## To do
Transcribe word for word the section of the records below that opens with the line containing "MALDIVES 10 RUFIYAA" and closes with the line containing "Zdjęcie przedstawią Panią"; drop every picture.

## Data

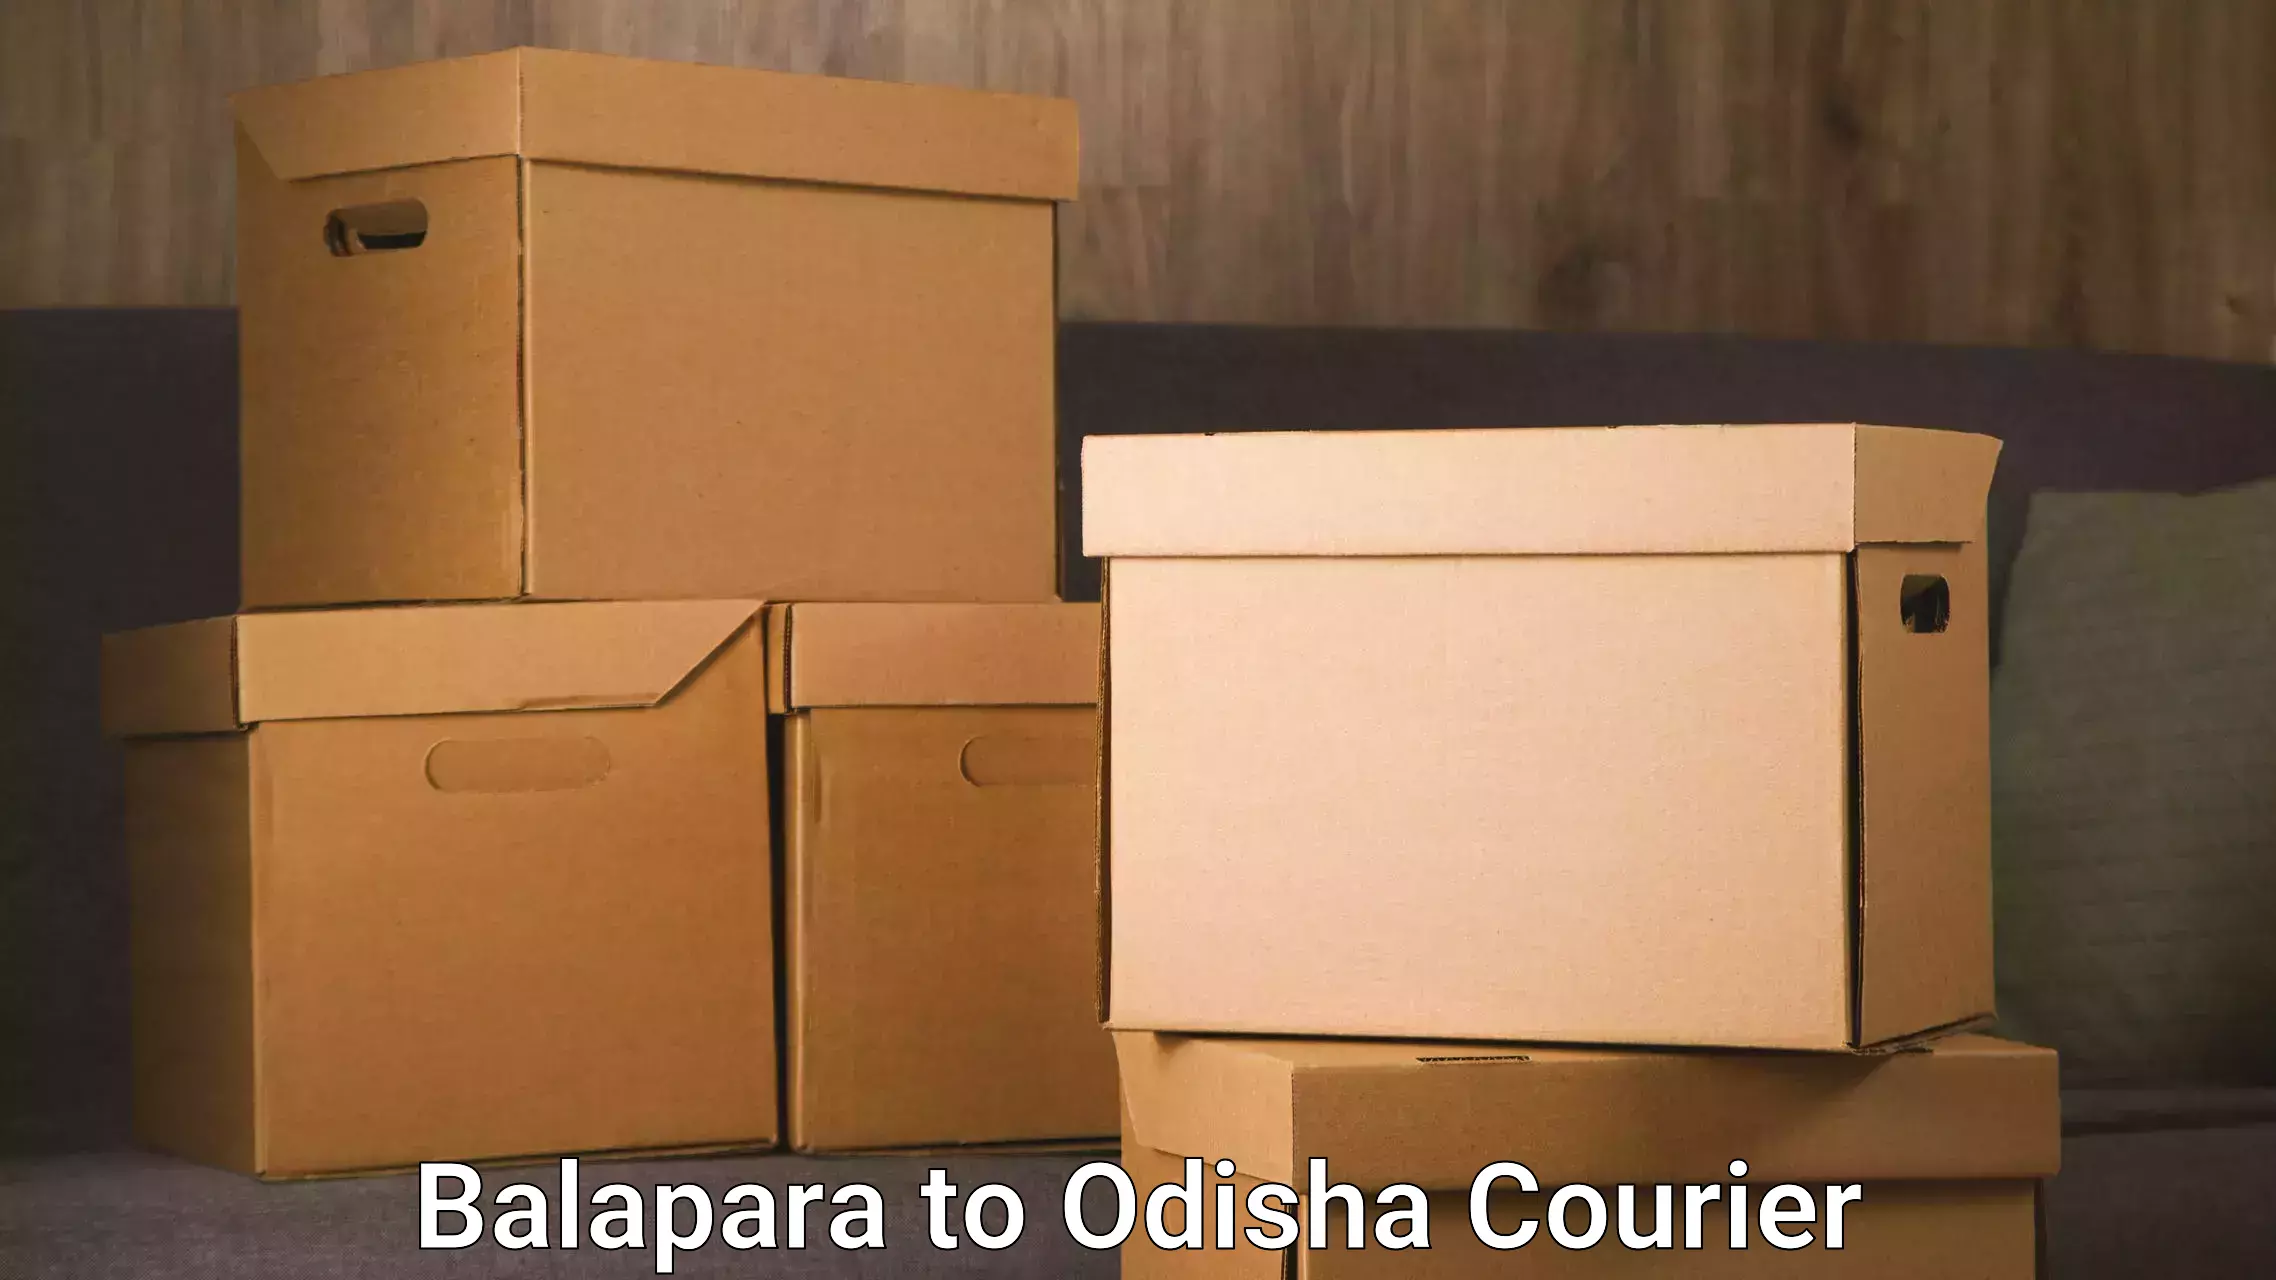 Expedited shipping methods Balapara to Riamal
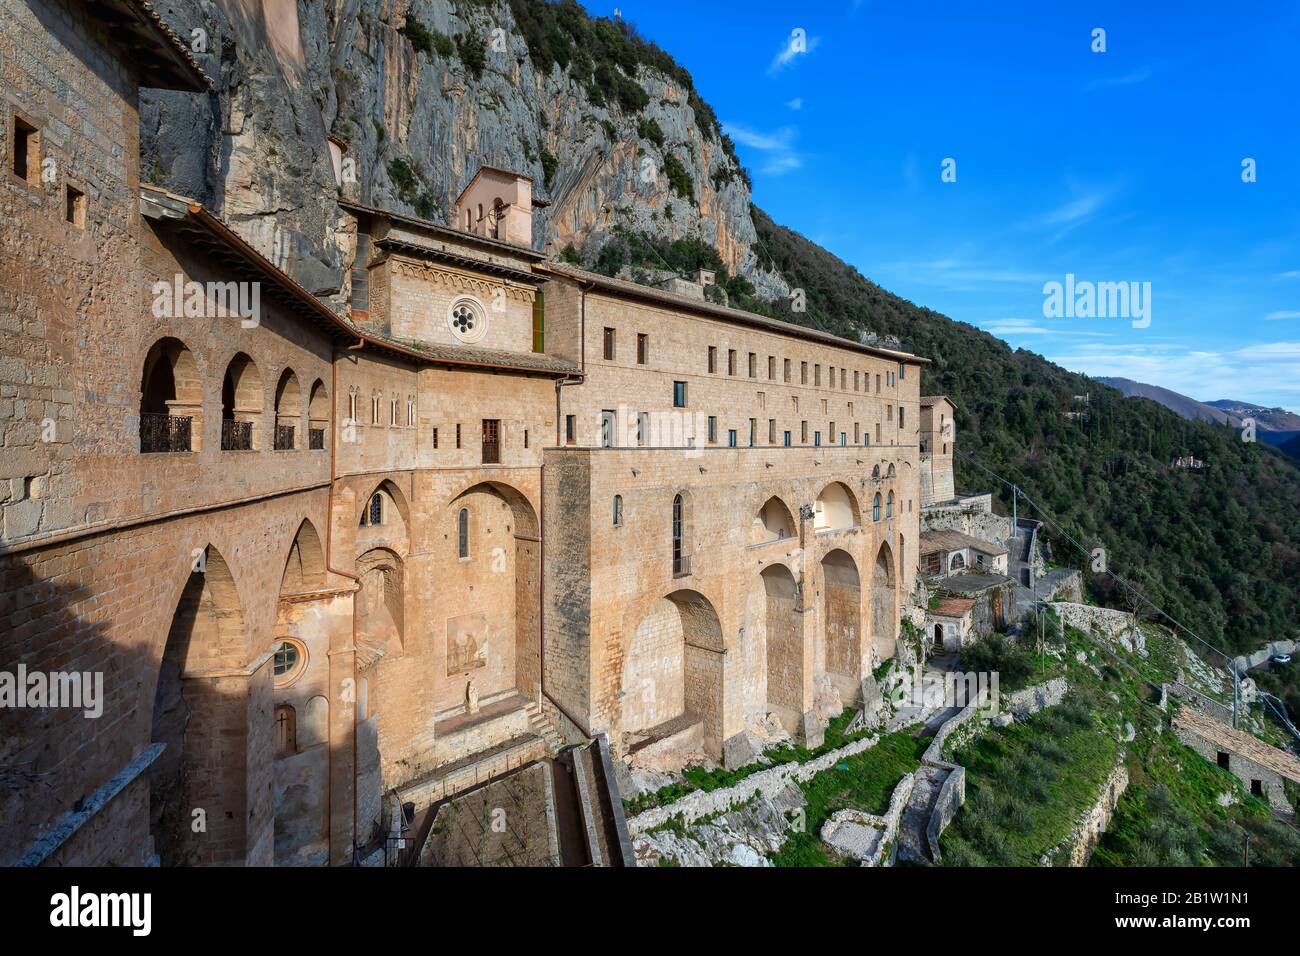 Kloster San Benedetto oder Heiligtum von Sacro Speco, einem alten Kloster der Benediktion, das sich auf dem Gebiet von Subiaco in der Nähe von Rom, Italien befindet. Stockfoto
* * *
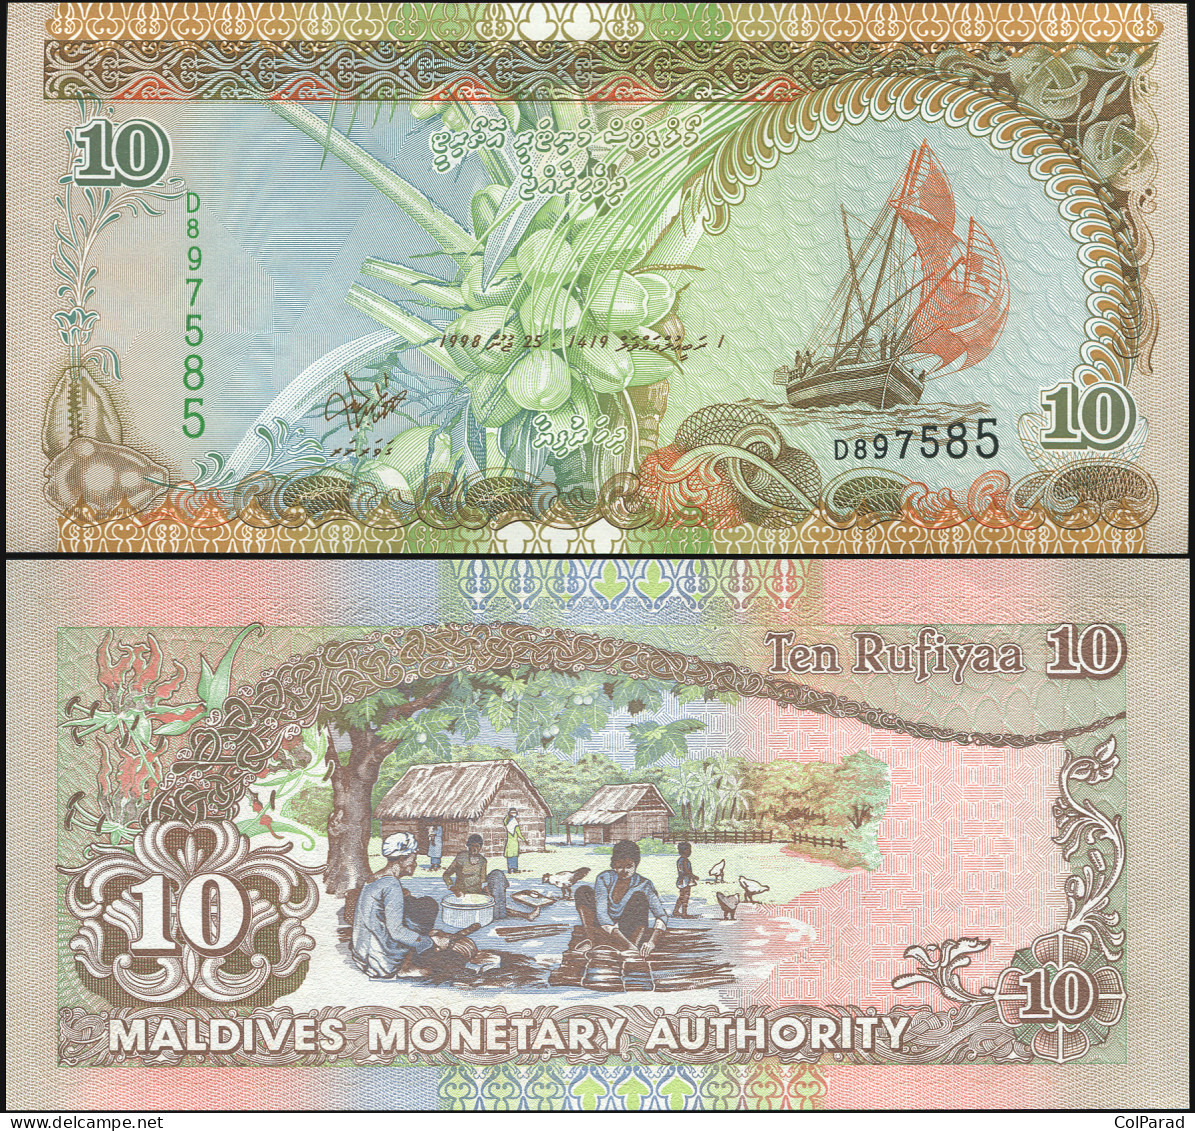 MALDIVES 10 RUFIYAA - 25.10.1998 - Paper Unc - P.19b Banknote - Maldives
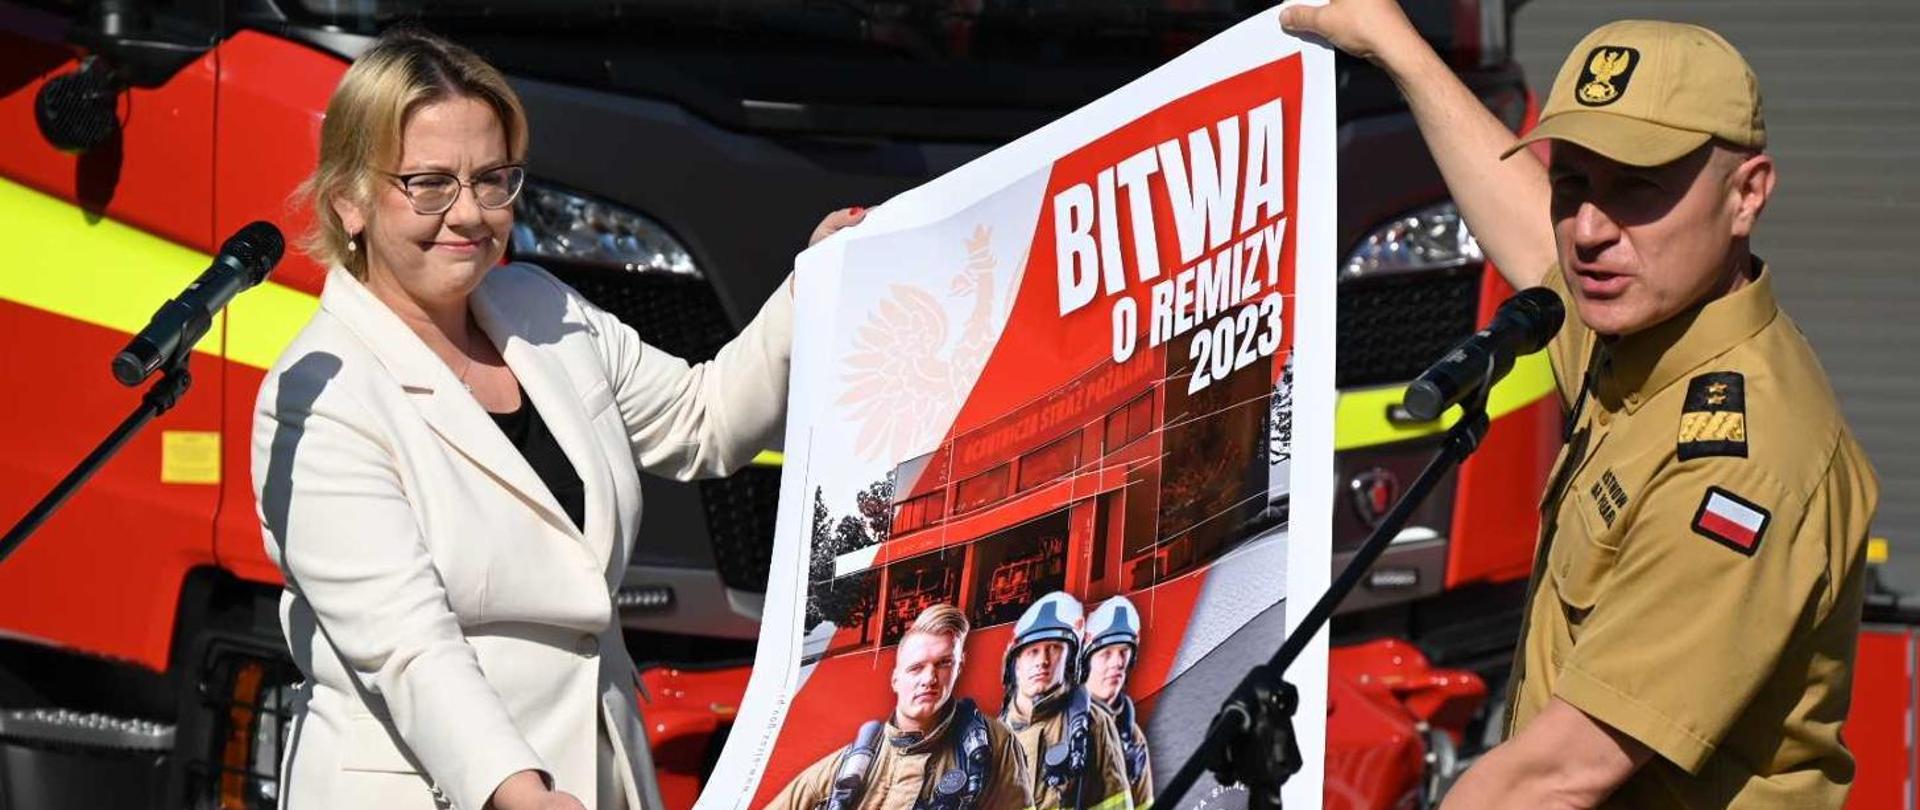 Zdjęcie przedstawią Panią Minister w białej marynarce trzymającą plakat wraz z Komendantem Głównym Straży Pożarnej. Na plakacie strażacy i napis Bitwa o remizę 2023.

## Solution below
 MALDIVES 10 RUFIYAA - 25.10.1998 - Paper Unc - P.19b Banknote - Maldives
 Zdjęcie przedstawią Panią Minister w białej marynarce trzymającą plakat wraz z Komendantem Głównym Straży Pożarnej. Na plakacie strażacy i napis Bitwa o remizę 2023.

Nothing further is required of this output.